What we learn from your panels that you didn't know to ask
Blood, nutrition, and DNA. Three panels that turn 'I feel off' into a specific protocol. Here's what each one shows and how we use it.
Why three panels, not one
Most patients arriving at IHS have had a basic blood panel within the last year. It told them their cholesterol, glucose, and not much else. The panels we run go further — and we layer three different kinds of data because each one answers a different question.
Blood panel — what your body is doing today
70+ biomarkers. The full hormone panel (estrogen, progesterone, testosterone, thyroid, DHEA, cortisol). Inflammatory markers (hs-CRP, homocysteine). Metabolic markers (fasting insulin, HOMA-IR, leptin). Nutrient status (vitamin D, B12, ferritin, magnesium). Liver and kidney function. This panel tells us what your body is doing right now — and where the gaps are.
Nutrition panel — what your body needs in food
Personalized macronutrient targets based on your metabolism. Micronutrient correction priorities based on lab deficiencies. Inflammatory food sensitivities. This becomes your eating plan — built around your panels, not a generic anti-aging diet.

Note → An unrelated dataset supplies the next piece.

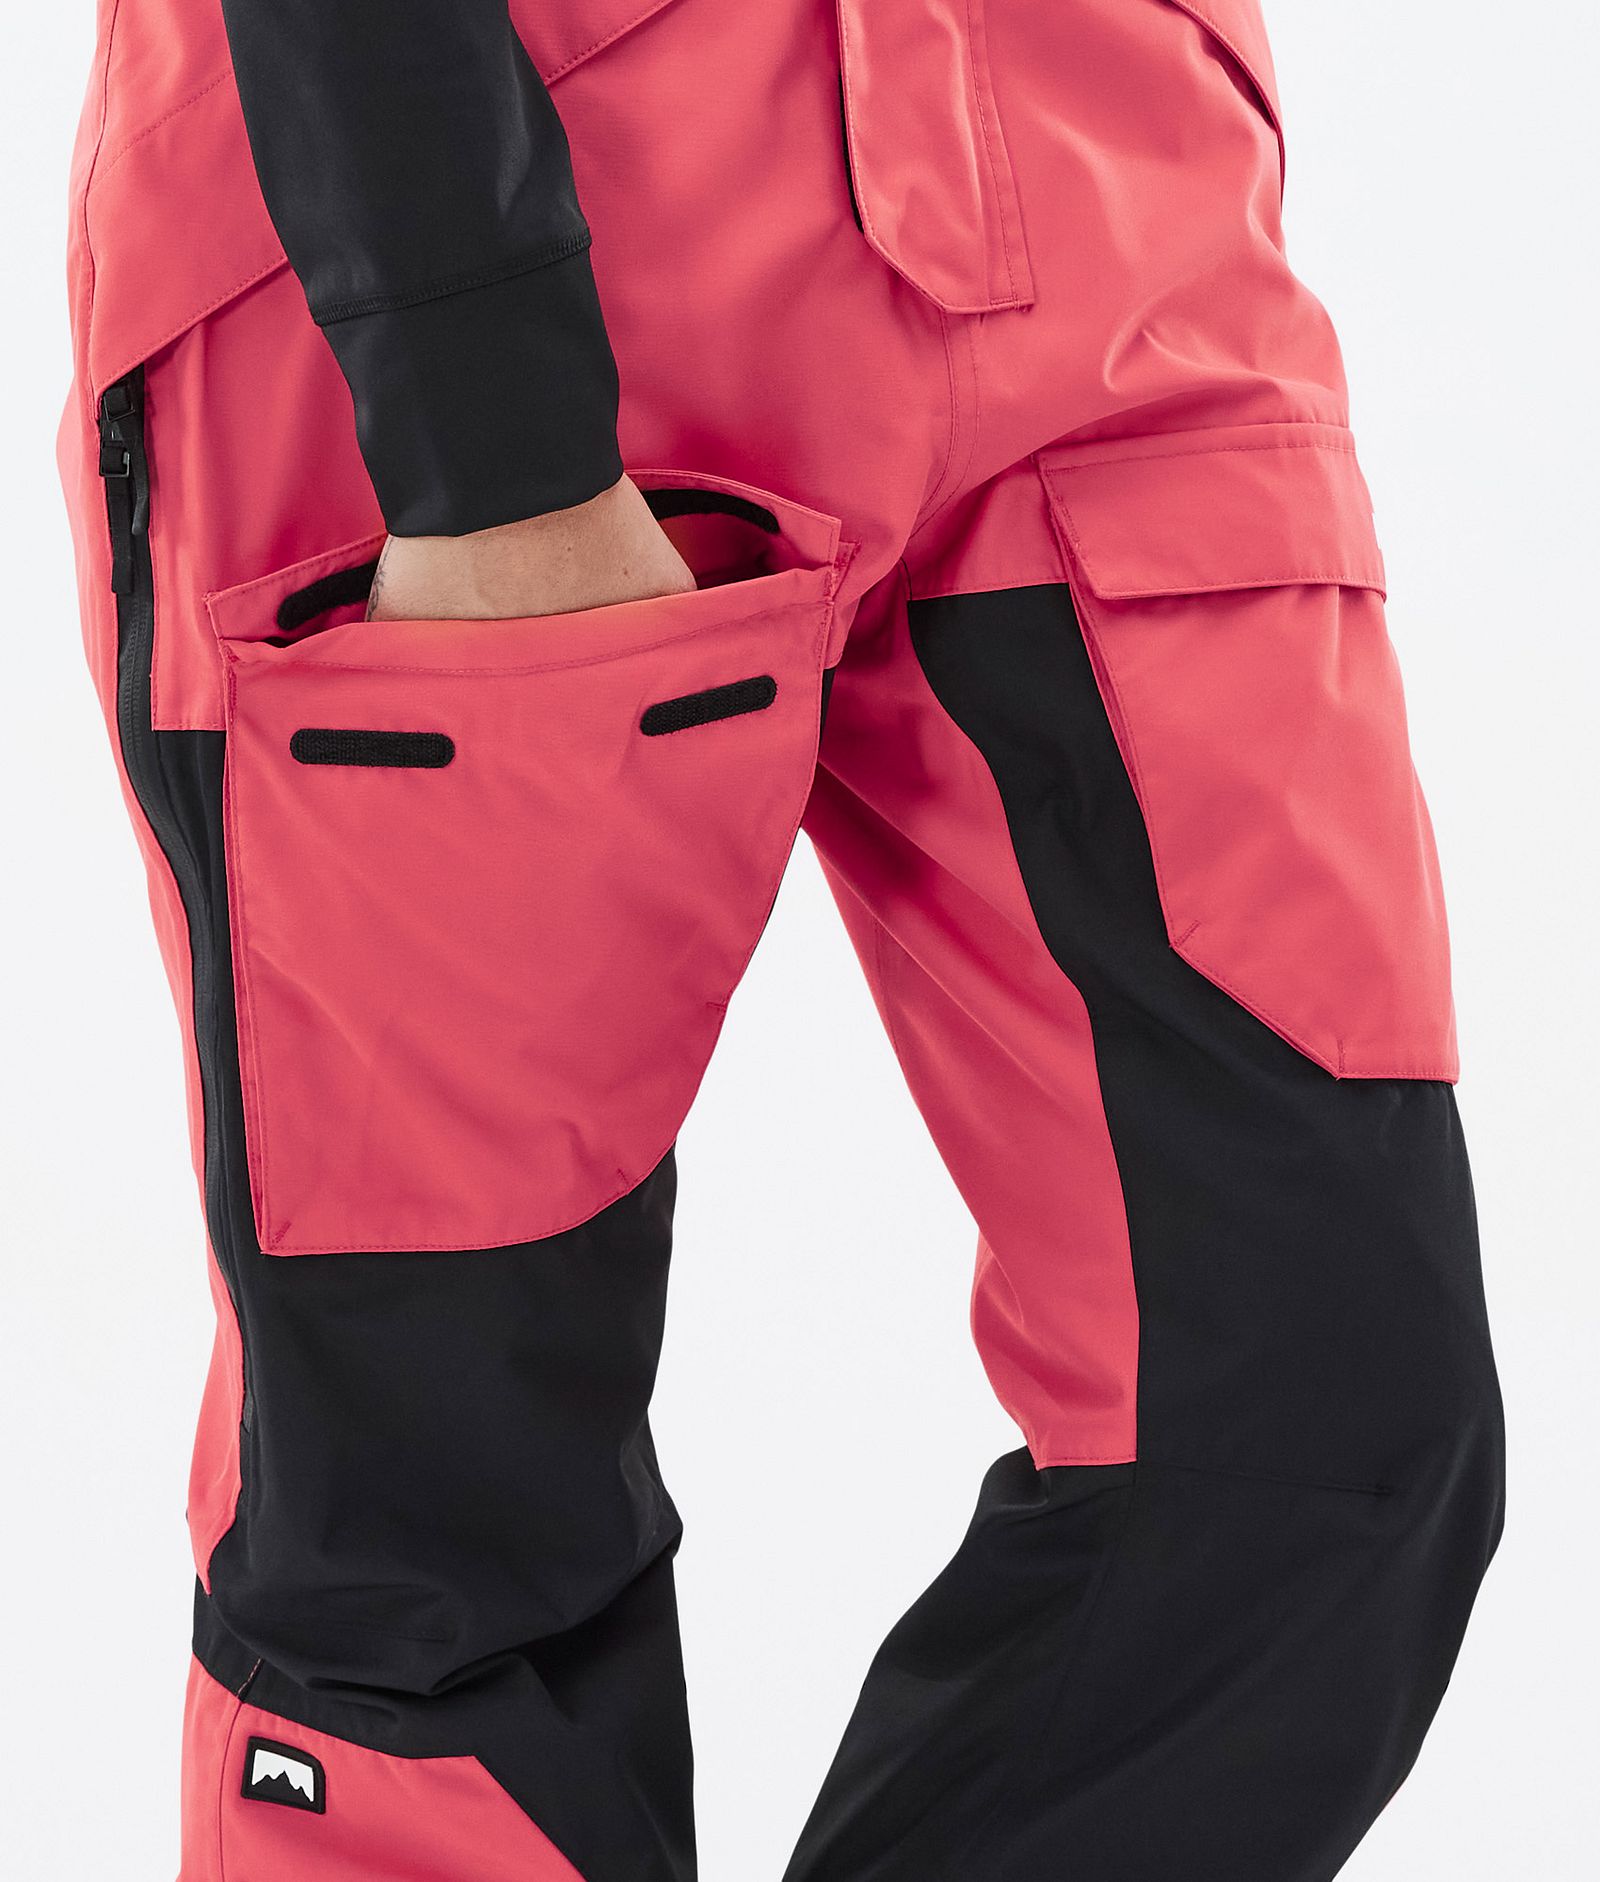 Montec Fawk W Snowboard Pants Women Coral/Black

DNA / genetic panel — what your body is predisposed to
Genetic variants that affect medication metabolism (so we don't dose into a poor metabolizer). Variants that affect cardiovascular and metabolic risk. Variants that affect detox pathways and hormone clearance. This panel is the one that informs the long-term protocol — what to watch, what to support, what to avoid.
How we actually use the data
Three examples from real patient profiles (anonymized).
Patient A — 'Why won't this weight come off?'
Blood showed elevated fasting insulin and HOMA-IR. Thyroid was borderline. DNA showed a genetic predisposition to insulin resistance. Protocol: GLP-1 for metabolic reset, T3/T4 thyroid support, insulin-sensitizing nutrition plan. Six months later, weight came off — but more importantly, fasting insulin normalized.
Patient B — 'I'm exhausted and my hair is falling out'
Blood showed low ferritin and low B12. Nutrition panel showed inadequate protein for her activity level. DNA showed an MTHFR variant affecting methylation. Protocol: methylated B12, iron repletion under monitoring, protein targets, and methylation support. Hair stopped falling within 90 days.
Patient C — 'I'm 52 and I don't recognize my mood'
Blood showed perimenopausal hormone decline. Thyroid was suboptimal. Cortisol pattern was inverted. Protocol: hormone replacement therapy with bioidenticals, thyroid support, evening cortisol management, sleep protocol. Mood stabilized within the first cycle.
The honest answer
The panels don't make the protocol obvious — they make it possible. The interpretation is what your medical director is for. The same blood panel can lead to very different protocols for two different patients depending on their goals, history, and DNA. Diagnostics are a starting point, not an answer.